TASK PROMPT: Lines to return, exactly: from the line with "1996 Bobby Hamilton" to the line with "Wisatawan Muslim Bisa" in the entries below, both included.

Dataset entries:
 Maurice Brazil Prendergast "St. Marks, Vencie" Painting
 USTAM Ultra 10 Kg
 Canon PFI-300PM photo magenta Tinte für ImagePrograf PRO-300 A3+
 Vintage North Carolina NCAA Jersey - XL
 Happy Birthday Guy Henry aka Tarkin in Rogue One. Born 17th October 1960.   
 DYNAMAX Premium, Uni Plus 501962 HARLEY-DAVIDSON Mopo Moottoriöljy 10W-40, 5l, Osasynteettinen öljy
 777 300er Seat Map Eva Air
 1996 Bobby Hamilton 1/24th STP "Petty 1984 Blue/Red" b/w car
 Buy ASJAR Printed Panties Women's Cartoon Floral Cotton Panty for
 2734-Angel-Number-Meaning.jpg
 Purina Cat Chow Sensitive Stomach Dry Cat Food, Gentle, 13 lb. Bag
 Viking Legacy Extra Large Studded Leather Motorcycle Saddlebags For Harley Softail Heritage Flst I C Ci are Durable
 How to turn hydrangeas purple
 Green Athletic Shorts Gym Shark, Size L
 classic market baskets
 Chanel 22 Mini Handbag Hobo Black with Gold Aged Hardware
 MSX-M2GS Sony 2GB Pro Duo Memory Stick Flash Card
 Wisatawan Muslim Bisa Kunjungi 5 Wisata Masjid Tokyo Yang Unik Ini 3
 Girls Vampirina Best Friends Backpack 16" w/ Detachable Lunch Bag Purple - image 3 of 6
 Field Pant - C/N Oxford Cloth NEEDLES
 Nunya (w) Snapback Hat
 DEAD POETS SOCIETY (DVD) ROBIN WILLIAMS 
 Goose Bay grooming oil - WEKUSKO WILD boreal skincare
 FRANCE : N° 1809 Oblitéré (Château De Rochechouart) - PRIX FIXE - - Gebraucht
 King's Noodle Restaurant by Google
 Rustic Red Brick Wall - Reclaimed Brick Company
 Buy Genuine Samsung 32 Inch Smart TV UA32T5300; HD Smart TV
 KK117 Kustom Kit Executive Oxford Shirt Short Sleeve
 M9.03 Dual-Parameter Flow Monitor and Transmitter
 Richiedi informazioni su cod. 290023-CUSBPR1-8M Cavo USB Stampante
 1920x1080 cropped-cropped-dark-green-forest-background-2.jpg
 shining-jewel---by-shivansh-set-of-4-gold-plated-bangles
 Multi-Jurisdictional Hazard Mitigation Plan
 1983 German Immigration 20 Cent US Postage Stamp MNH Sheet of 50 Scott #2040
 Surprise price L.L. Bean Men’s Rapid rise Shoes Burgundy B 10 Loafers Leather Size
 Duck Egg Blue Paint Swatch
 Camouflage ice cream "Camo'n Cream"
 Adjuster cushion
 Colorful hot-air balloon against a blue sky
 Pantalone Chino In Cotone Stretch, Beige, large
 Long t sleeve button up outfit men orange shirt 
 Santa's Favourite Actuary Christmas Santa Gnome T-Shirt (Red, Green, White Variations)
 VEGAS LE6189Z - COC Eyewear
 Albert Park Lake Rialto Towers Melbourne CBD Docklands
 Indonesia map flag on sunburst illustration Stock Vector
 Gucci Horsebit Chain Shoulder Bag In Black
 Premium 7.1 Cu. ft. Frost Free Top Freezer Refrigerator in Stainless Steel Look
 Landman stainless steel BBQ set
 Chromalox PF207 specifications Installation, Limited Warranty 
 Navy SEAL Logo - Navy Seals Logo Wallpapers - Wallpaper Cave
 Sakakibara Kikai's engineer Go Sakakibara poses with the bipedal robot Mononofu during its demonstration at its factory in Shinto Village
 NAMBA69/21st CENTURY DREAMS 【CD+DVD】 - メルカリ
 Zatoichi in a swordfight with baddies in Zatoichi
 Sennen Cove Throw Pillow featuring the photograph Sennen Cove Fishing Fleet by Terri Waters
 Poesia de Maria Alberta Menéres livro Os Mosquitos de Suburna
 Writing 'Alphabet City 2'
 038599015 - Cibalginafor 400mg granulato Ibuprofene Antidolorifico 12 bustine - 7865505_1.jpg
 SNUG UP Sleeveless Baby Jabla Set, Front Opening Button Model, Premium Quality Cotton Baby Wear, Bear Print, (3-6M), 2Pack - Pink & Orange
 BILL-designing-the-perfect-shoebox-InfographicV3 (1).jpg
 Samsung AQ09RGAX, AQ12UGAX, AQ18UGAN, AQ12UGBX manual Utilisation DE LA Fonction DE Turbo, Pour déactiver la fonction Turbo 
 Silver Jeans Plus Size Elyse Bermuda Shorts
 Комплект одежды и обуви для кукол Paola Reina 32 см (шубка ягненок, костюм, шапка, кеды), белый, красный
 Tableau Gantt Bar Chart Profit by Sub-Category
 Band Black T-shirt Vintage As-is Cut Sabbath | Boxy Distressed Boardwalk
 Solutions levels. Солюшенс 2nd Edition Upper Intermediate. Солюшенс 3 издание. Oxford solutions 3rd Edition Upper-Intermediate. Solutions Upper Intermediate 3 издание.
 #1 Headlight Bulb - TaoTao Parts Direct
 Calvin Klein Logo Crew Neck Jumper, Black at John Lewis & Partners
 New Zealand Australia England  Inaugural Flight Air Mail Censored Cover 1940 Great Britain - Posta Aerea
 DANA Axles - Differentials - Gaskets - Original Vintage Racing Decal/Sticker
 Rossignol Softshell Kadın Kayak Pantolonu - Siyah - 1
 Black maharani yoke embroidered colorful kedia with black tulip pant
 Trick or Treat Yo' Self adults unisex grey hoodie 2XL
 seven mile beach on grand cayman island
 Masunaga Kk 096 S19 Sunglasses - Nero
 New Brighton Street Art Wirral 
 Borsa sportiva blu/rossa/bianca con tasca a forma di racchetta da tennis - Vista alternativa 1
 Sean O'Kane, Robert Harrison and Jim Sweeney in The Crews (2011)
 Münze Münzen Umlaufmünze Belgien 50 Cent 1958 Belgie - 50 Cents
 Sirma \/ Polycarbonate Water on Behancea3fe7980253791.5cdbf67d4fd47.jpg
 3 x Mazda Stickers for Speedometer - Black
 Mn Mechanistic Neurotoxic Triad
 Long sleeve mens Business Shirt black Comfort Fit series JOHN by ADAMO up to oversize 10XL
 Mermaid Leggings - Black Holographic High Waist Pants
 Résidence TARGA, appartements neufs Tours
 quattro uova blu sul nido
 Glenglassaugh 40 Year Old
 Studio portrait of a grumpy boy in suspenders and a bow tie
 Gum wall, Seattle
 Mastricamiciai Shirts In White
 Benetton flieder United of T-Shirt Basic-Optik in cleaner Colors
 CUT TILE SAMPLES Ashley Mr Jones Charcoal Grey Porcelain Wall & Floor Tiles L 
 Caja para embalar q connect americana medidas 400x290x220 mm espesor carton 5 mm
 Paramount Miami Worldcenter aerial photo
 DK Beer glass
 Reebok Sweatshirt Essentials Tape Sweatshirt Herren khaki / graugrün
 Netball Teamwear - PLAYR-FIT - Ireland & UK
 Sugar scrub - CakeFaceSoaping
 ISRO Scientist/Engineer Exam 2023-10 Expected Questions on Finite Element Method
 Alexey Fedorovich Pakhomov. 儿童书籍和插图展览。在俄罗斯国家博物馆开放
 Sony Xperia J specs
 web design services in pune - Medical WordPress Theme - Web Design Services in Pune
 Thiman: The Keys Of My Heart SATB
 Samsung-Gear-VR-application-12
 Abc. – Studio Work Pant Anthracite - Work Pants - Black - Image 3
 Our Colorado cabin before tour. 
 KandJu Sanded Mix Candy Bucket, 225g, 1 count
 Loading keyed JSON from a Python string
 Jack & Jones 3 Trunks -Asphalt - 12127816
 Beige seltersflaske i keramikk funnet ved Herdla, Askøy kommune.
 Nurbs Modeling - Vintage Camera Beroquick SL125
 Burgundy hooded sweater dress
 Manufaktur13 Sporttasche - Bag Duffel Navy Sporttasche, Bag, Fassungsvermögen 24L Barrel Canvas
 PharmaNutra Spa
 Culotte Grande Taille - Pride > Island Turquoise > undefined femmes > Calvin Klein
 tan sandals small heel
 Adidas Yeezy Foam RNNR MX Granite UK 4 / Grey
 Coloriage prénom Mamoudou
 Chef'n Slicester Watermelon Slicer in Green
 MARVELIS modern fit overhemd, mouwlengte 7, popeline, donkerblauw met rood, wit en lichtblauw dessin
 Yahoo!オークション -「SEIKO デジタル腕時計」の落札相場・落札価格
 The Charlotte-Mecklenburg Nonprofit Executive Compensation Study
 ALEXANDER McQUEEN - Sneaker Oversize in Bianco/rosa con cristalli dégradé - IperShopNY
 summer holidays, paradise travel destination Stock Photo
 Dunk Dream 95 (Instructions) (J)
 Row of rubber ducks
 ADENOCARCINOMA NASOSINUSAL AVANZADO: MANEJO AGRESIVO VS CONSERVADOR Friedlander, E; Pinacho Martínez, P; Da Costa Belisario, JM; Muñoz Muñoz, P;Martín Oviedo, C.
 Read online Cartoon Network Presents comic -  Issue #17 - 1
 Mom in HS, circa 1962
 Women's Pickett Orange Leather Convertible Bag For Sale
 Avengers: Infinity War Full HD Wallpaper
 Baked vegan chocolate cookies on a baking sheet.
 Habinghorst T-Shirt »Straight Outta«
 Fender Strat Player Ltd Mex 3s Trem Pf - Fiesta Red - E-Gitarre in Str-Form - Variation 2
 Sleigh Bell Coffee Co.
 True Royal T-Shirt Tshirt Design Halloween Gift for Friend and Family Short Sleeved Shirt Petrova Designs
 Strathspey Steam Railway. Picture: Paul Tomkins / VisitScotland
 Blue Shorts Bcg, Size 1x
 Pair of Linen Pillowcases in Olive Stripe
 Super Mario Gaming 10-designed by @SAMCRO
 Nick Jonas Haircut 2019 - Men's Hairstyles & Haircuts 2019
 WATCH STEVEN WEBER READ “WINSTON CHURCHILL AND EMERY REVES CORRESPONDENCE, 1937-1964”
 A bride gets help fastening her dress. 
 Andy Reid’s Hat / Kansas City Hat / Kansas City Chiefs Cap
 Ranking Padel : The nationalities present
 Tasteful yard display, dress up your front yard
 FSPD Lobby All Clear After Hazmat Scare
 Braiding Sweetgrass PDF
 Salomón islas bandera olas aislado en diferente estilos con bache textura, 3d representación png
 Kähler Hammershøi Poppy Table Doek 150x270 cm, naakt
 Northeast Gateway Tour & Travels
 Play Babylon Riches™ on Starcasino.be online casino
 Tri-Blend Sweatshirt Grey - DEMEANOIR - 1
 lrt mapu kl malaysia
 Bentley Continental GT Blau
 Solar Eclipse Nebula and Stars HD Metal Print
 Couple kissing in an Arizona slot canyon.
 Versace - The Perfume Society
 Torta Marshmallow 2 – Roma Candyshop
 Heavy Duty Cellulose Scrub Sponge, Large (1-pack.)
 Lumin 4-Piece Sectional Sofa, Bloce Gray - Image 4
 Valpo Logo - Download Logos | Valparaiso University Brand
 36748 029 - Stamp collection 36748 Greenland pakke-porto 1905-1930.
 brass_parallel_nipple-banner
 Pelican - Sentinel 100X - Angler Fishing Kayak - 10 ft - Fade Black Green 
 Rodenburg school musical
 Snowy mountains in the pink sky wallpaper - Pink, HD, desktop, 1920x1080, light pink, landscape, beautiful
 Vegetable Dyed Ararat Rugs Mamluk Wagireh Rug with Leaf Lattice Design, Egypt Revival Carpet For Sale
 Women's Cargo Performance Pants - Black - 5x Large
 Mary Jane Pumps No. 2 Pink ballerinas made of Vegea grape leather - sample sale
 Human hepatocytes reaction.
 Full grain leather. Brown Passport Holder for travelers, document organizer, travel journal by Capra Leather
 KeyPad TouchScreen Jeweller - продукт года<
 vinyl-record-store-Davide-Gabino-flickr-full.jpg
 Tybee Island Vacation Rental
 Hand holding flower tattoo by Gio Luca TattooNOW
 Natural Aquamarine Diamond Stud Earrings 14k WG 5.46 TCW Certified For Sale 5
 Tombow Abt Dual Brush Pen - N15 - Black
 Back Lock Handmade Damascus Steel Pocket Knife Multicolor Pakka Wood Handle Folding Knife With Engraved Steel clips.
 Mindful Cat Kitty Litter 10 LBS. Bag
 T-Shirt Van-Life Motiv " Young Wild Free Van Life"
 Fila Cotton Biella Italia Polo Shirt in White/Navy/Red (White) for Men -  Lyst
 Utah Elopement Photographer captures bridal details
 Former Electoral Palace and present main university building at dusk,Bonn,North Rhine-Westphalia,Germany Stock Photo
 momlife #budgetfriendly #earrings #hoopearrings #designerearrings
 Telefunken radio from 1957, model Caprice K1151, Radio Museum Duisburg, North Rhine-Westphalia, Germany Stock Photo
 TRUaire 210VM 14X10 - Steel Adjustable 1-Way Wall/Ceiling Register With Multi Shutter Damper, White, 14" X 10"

SOLUTION BELOW:
 1996 Bobby Hamilton 1/24th STP "Petty 1984 Blue/Red" b/w car
 Buy ASJAR Printed Panties Women's Cartoon Floral Cotton Panty for
 2734-Angel-Number-Meaning.jpg
 Purina Cat Chow Sensitive Stomach Dry Cat Food, Gentle, 13 lb. Bag
 Viking Legacy Extra Large Studded Leather Motorcycle Saddlebags For Harley Softail Heritage Flst I C Ci are Durable
 How to turn hydrangeas purple
 Green Athletic Shorts Gym Shark, Size L
 classic market baskets
 Chanel 22 Mini Handbag Hobo Black with Gold Aged Hardware
 MSX-M2GS Sony 2GB Pro Duo Memory Stick Flash Card
 Wisatawan Muslim Bisa Kunjungi 5 Wisata Masjid Tokyo Yang Unik Ini 3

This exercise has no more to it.